The New-MsolLicenseOptions cmdlet will enable all services that were previously disabled unless explicitly identified in your custom script. For example, if you want to leave both Exchange and Sway disabled while also disabling Teams, you'll need to include this in the script or both Exchange and Sway will be enabled for those users you identified.

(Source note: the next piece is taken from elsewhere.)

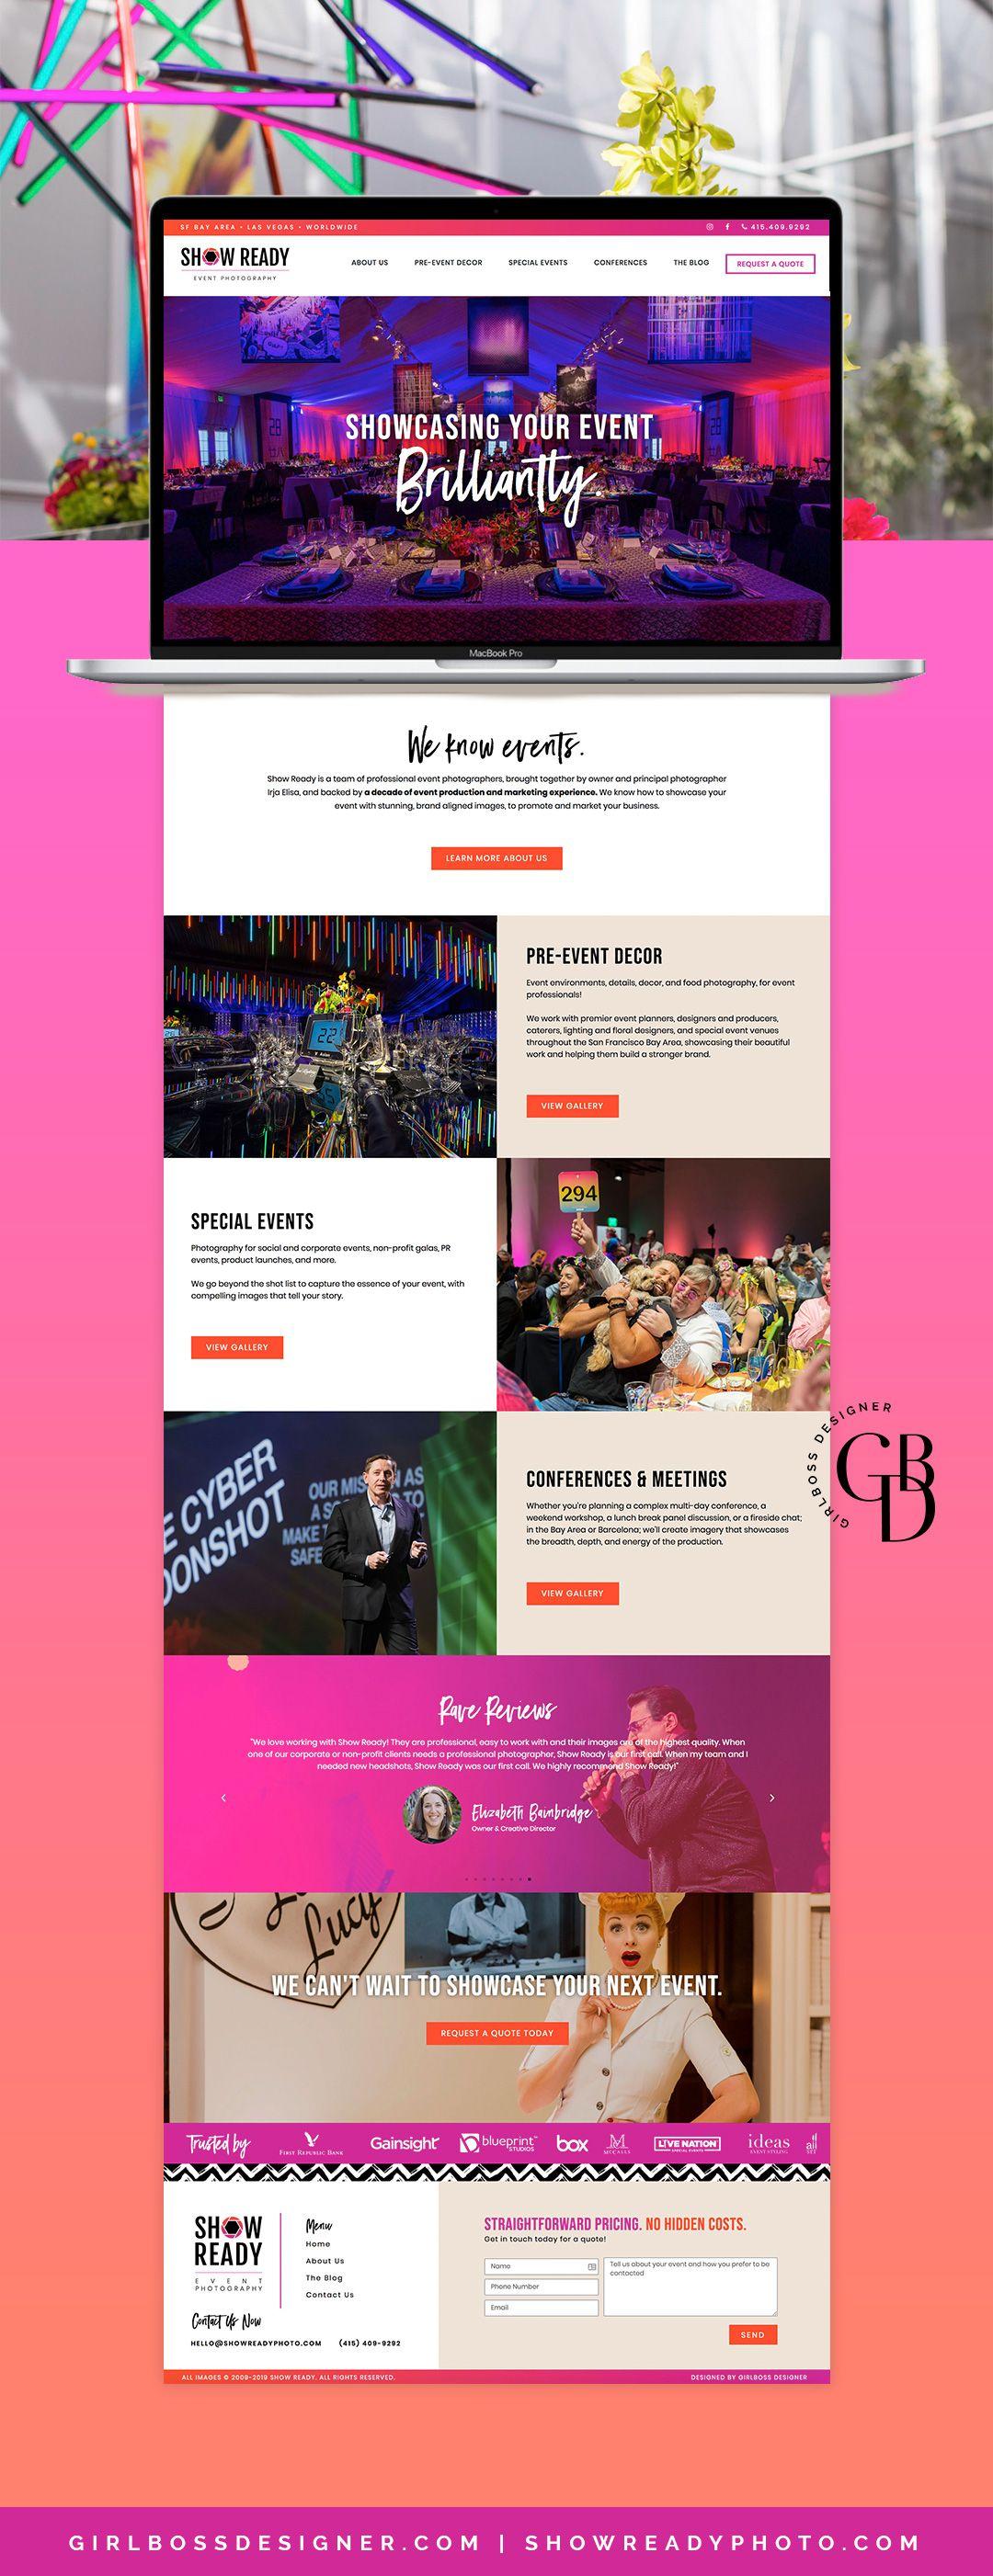 Modern Edgy Branding Update And Web Design San Francisco Based Event Photographer Show Ready By Girlbo Web Design Website Design Inspiration Event Website

Run the following command to display all available licensing plans in your organization. To learn more, see View licenses and services with PowerShell.

  Get-MsolAccountSku

Run the following commands, where <CompanyName:License> is your organization name and the identifier for the licensing plan that you retrieved in the earlier step. For example, ContosoSchool:ENTERPRISEPACK_STUDENT.

  $acctSKU="<CompanyName:License>
  $x = New-MsolLicenseOptions -AccountSkuId $acctSKU -DisabledPlans "TEAMS1"

Run the following command to disable Teams for all users who have an active license for the licensing plan.

  Get-MsolUser | Where-Object {$_.licenses[0].AccountSku.SkuPartNumber -eq  ($acctSKU).Substring($acctSKU.IndexOf(":")+1,  $acctSKU.Length-$acctSKU.IndexOf(":")-1) -and $_.IsLicensed -eq $True} |  Set-MsolUserLicense -LicenseOptions $x

Manage teams at the organization level

Tenant-level control for Teams was removed effective August 2018. Control access to Teams in your organization with user-level licensing. To learn more, see Manage user access to Teams.

The exception to this change is Microsoft Teams for Education (EDU). You can still manage Teams at the organization level if you have an EDU license. To do this, go to the Microsoft 365 admin center > Settings > Services and add-ins > Microsoft Teams. If you're using the new Teams admin center, you'll have to turn off Try the new admin center to find Services and add-ins.

Important

You may have to wait up to 24 hours for your changes to take effect.